# New 23 Krs



## Dizzy (Jun 24, 2007)

Hi all,

We are the new owners of a 23 krs. I have an off road motorcycle but the thought of a toy hauler never crossed my mind







. We looked at many models and when the dealer asked if I wanted to look at the 23, I said yes more from curiosity than really being interested. When I mentioned this to DW (see I've got the lingo going), I only mentioned that it would be great for the dog. The floorpan is great and will be a bonus for our dog (standard poodle).

Well, we ended up with the 23 and it will be great for the dog and once in a while I might take the bike out.

Great info here and looking forward to the shakedown.

John and Beth


----------



## Drac (Apr 26, 2007)

Congrats, I'm sure you will love it.


----------



## ROO-ING (Jun 24, 2006)

We call the front part of the KRS the doghouse.

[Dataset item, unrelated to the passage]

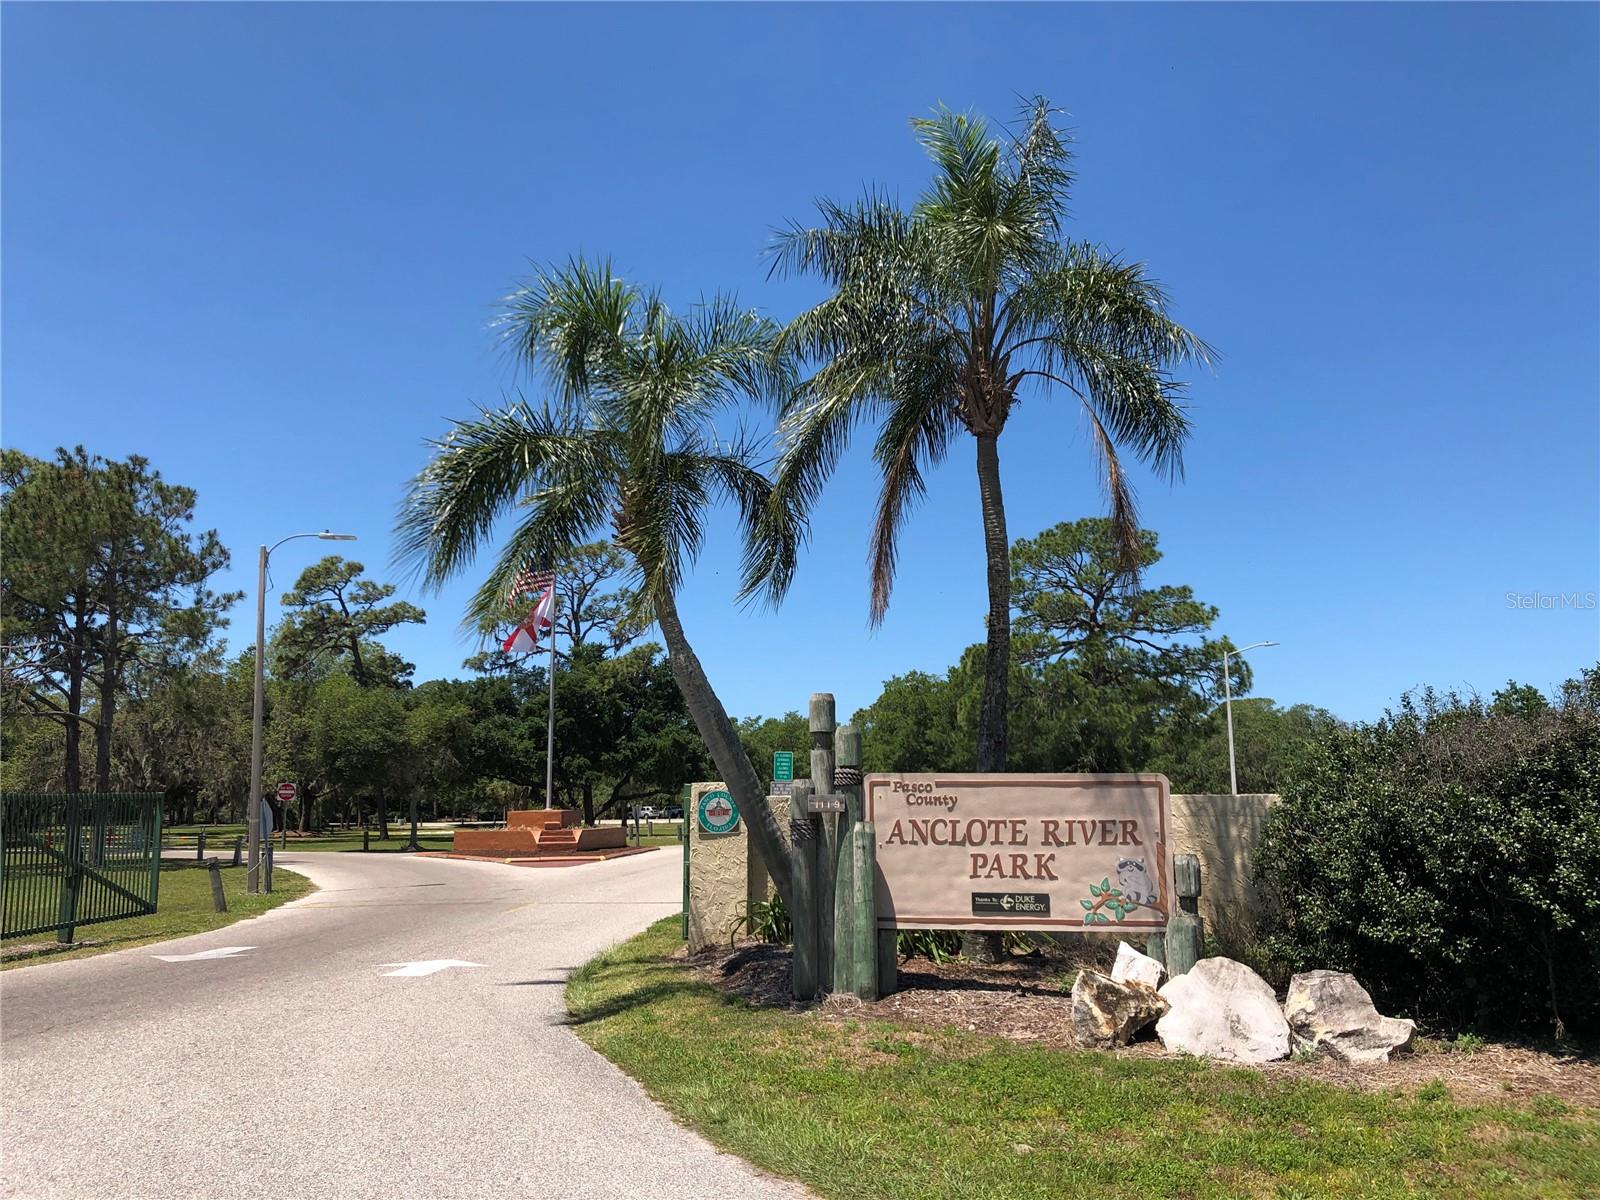 Anclote River Park- 6 miles from this condo to the River Park.

That is were the mother in law and dog sleep. It is a very excellent choice. We love ours and use it quite often. Dog loves it too. We lay a doggie bed at the door of the doghouse and he stays there but still gets to oversee the family.

Happy Roo-ing
aka Donna


----------



## Collinsfam_WY (Nov 9, 2006)

Congrats on the new 23Roo and Welcome to Outbackers!!!

-CC


----------



## Doxie-Doglover-Too (Jan 25, 2007)

Post of pic of your poodle when you get a chance!


----------



## RizFam (Feb 25, 2006)

*to Outbackers*


----------



## HootBob (Apr 26, 2004)

Welcome Dizzy to the Outback Family
Congrats on the 23KRS and enjoy

Don


----------



## Dizzy (Jun 24, 2007)

Thanks everyone, going to pick her up tomorrow. We are getting a little nervous hearing about all the issues people are having and I hope that we don't run into any major problems.

I will post again when we have a good look at her.

John


----------



## RizFam (Feb 25, 2006)

Make sure you print this PDI Check List & take it with you tomorrow. Good Luck!









Tami


----------



## Dizzy (Jun 24, 2007)

Well, you won't believe this one...went to do the PDI and take the new girl home and they hadn't even touched it from three weeks ago.

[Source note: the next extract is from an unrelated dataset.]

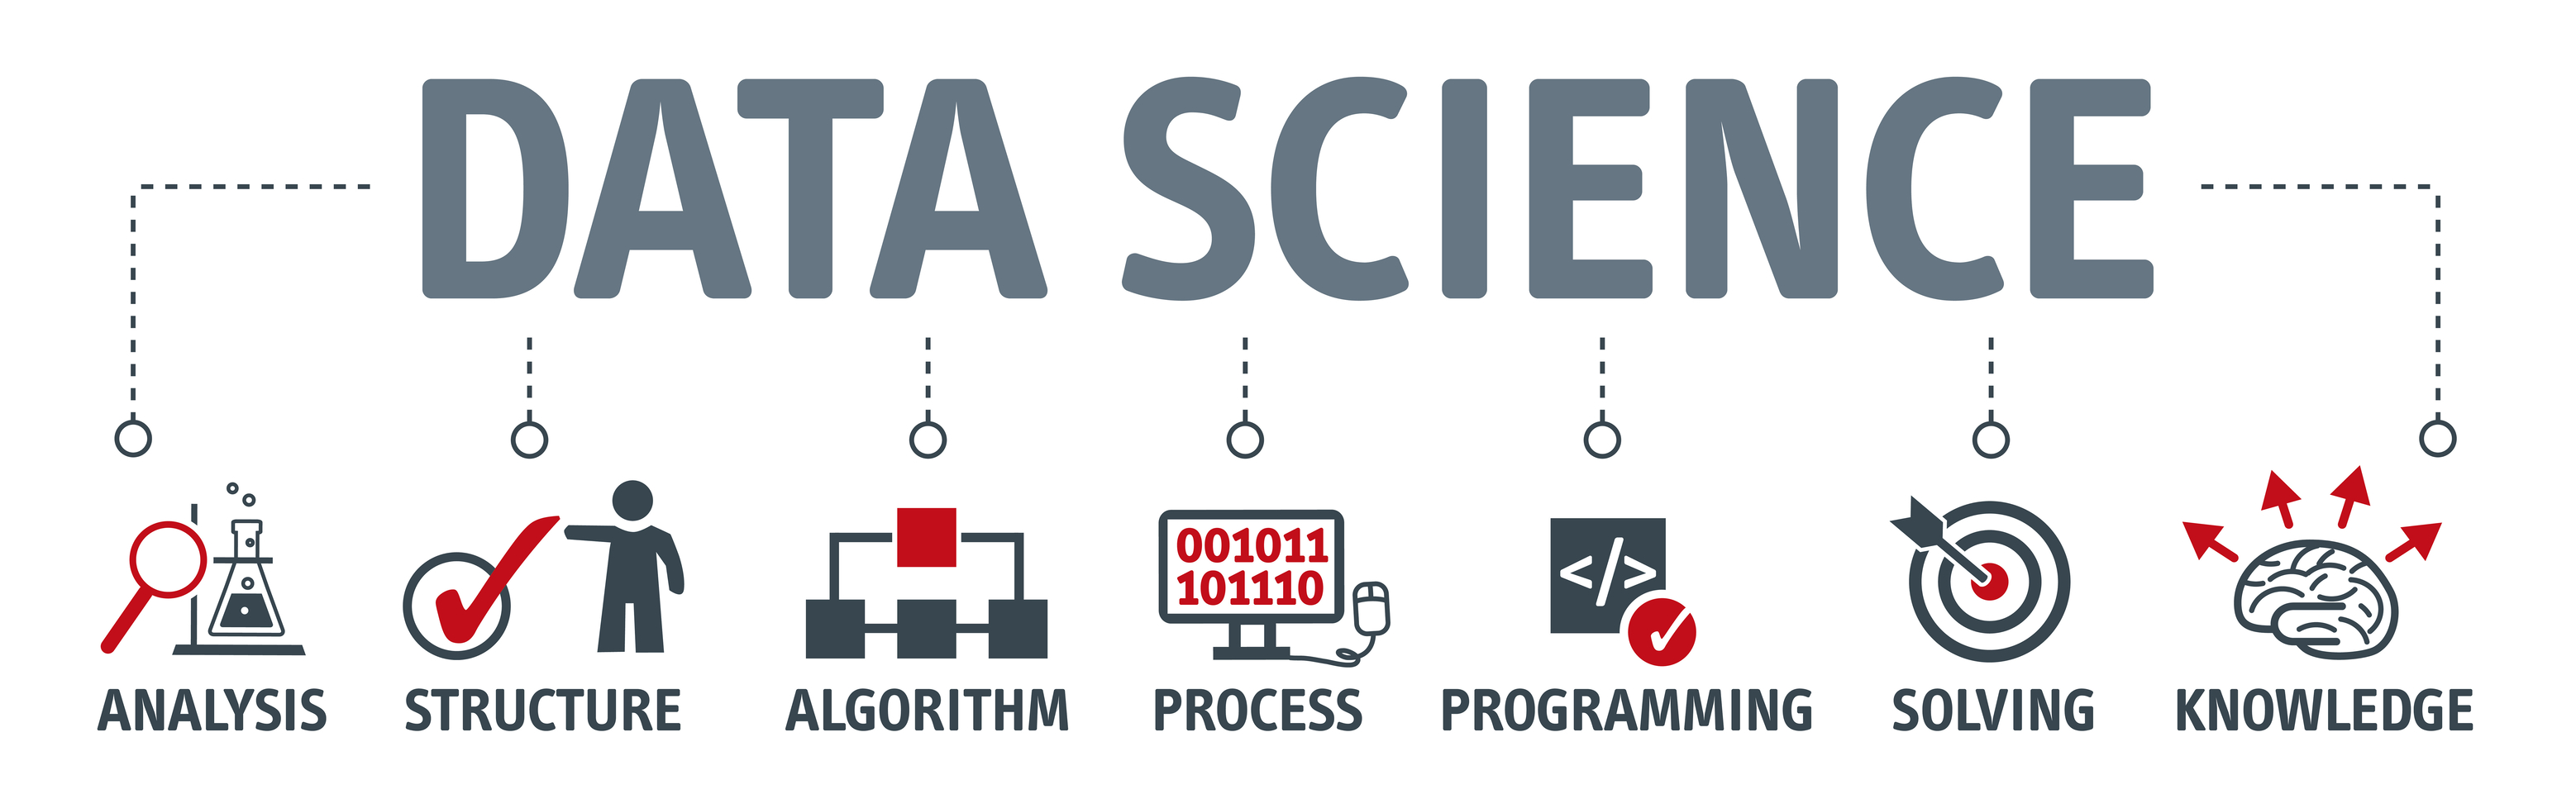 Data Science and How Data Scientists Add Value to Business - Big

The salesman did not offer any explanation other than three techs didn't show up for work that week.

I asked why we didn't get a phone call and there was no reply other than "sorry about that".

I told him to put everything on hold and I would call tomorrow after I had a chance to cool down.

AHHHHHHHHHHH! DW can't even speak right now so I am typing quietly.


----------



## MykeC (Jan 16, 2007)

Wow...that really sucks. Sorry to hear about that. Hope things get worked out soon.

I've had my 23krs since the end of March 07 and have no problems with it yet. Then again, its still new and not close to the warranty ending. As I get closer to the end date, we'll have to have this talk again.









I take my one motorcycle and a bicycle and love it. I'm sure you will love yours as well.

Welcome.


----------



## Dizzy (Jun 24, 2007)

Ok we have calmed down a bit and the dealer has called us to say that they will have the trailer ready tomorrow for pick up and that they will ensure that we are "taken care of". They seemed to be responding correctly after making a mistake and I'm not sure what that means but we will see how they respond tomorrow. Cross your fingers.

John


----------



## H2oSprayer (Aug 5, 2006)

Congrats on the purchase. Hopefully the dealer will be get things taken care of for your pick up tomorrow. It's kinda hard to believe that three techs would be off all week at the same time in the middle of the busy summer and they not make sure they get the work done somehow. Let us know how tomorrow goes.

BTW, care to share who your dealer is?

Chris


----------



## Mgonzo2u (Aug 3, 2004)

Dizzy said:


> Ok we have calmed down a bit and the dealer has called us to say that they will have the trailer ready tomorrow for pick up and that they will ensure that we are "taken care of". They seemed to be responding correctly after making a mistake and I'm not sure what that means but we will see how they respond tomorrow. Cross your fingers.
> 
> John


Have them throw in a 2nd battery or something else to show they are sorry for wasting your time and making you leery about doing business with them.


----------



## Carey (Mar 6, 2012)

Doxie-Doglover-Too said:


> Post of pic of your poodle when you get a chance!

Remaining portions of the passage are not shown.